Re: [PATCH 0/4] __cpuinitconst and __devinitconst
From: Sam Ravnborg
Date: Mon Jan 14 2008 - 04:17:33 EST
On Mon, Jan 14, 2008 at 08:33:35AM +0000, Jan Beulich wrote:
> >>> Sam Ravnborg <sam@xxxxxxxxxxxx> 13.01.08 22:42 >>>
> >> And I found another small buglet too. I hope to post a complete
> >> solution later today.
> >
> >The modpost bits turned out to take longer than expected so
> >they are not done yet. The problem was the modpost structure
> >were not prepared for adding such additional chacks.
> >So I reworked those bits and the patch has been sent out for review.
> >
> >What follows here is the changes for init.h + all linker scripts
> >to show the idea.
> >
> >Next step is to beat modpost in shape and to post this on linux-arch.
> >
> >Note - in -mm there are changes to init.h so the logic
> >to decide type of __meminit notation is much simpler.
>
> Yes, I certainly like this concept. What I would have wanted in that patch,
> though, is that the read-only data would right away be included in
> RODATA() rather than being put in DATA_DATA.
Will fix that in next patch. My focus was on the concept when I did the
patch but it is dead easy to fix for ll archs at once.
> Also, to shorten the
> names a little, how about .{cpu,mem,dev}init.rodata?

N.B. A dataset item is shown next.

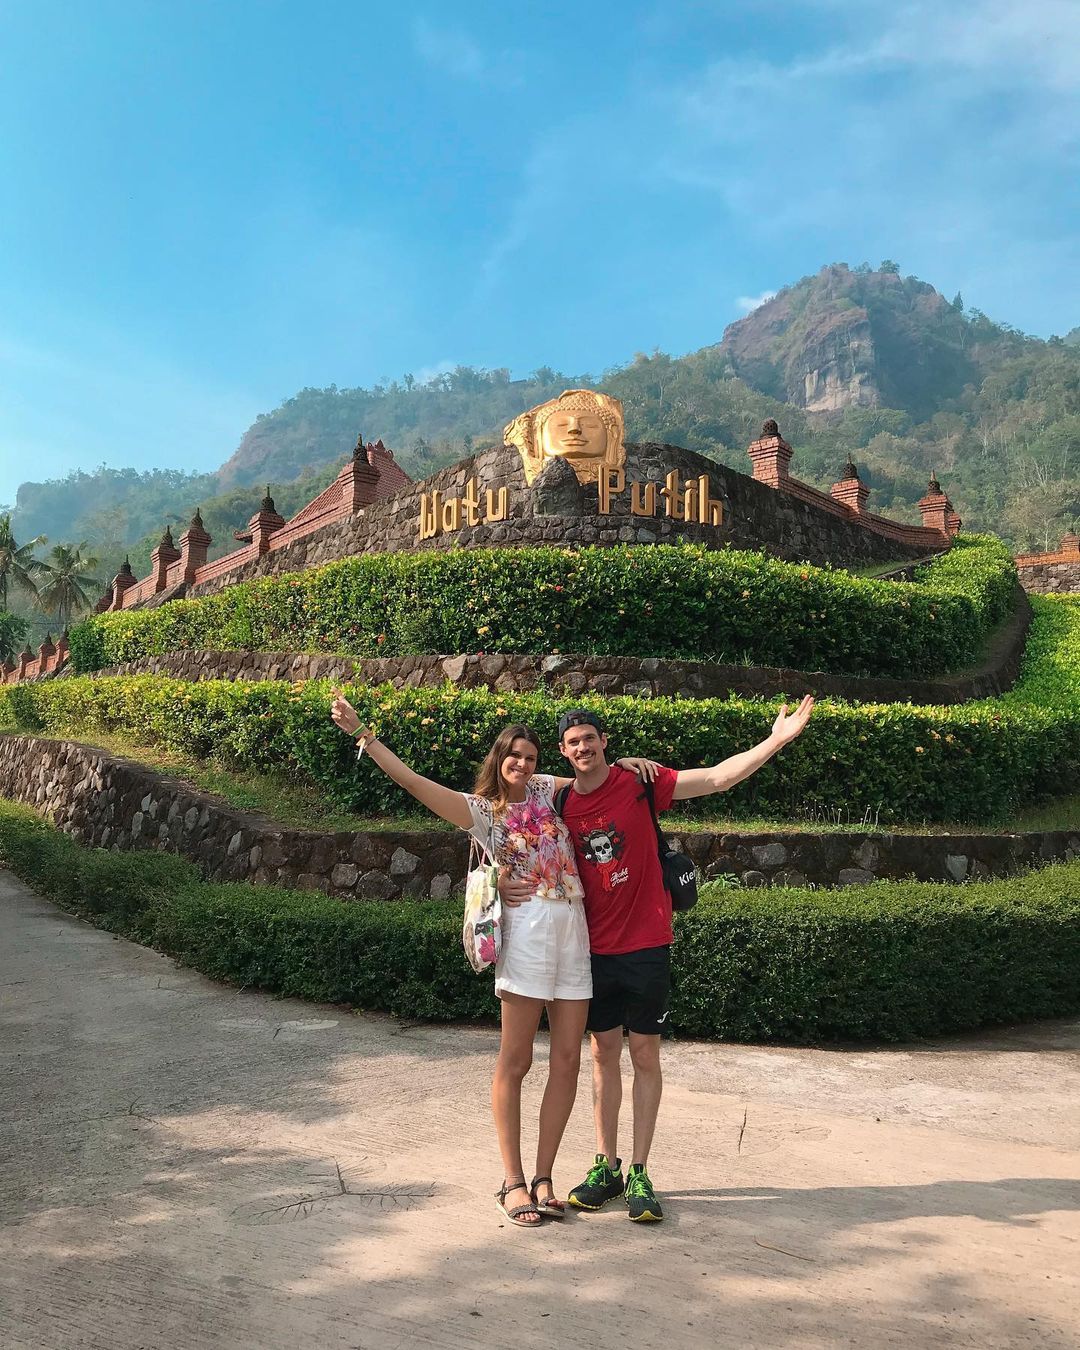 Daya Tarik Wisata Watu Putih Borobudur Image From @listosyavolar

Good suggestion - will use these.
> The one thing that I'm not sure is really consistent yet wrt. the
> constification is that now you need to write e.g.
>
> static const char __cpuinitcdata example[];
>
> and (accidentally) omitting the 'const' (as it's really an apparently
> redundant thing now) as in
>
> static char __cpuinitcdata example[];
>
> will cause section type conflicts (at the compiler or linker level). I
> therefore think that the 'const' should really be part of the
> __{cpu,mem,dev}cdata definitions (requiring the attribute to be
> placed properly, namely placement at the end of a declaration as
> is possible with __{cpu,mem,dev}initdata is then not an option here).
I need to play a little with this before I make up my mind.
I do not like the concpet of hiding the const too much - it will
be non-obvious why the compiler complains if the only thing that
distingush const from non-const is a small capital 'c' within
__cpucinitdata (versus __cpuinitdata).
It can always be an incremental patch as my concpet does not prevent
it and we have only a few const __initdata variables.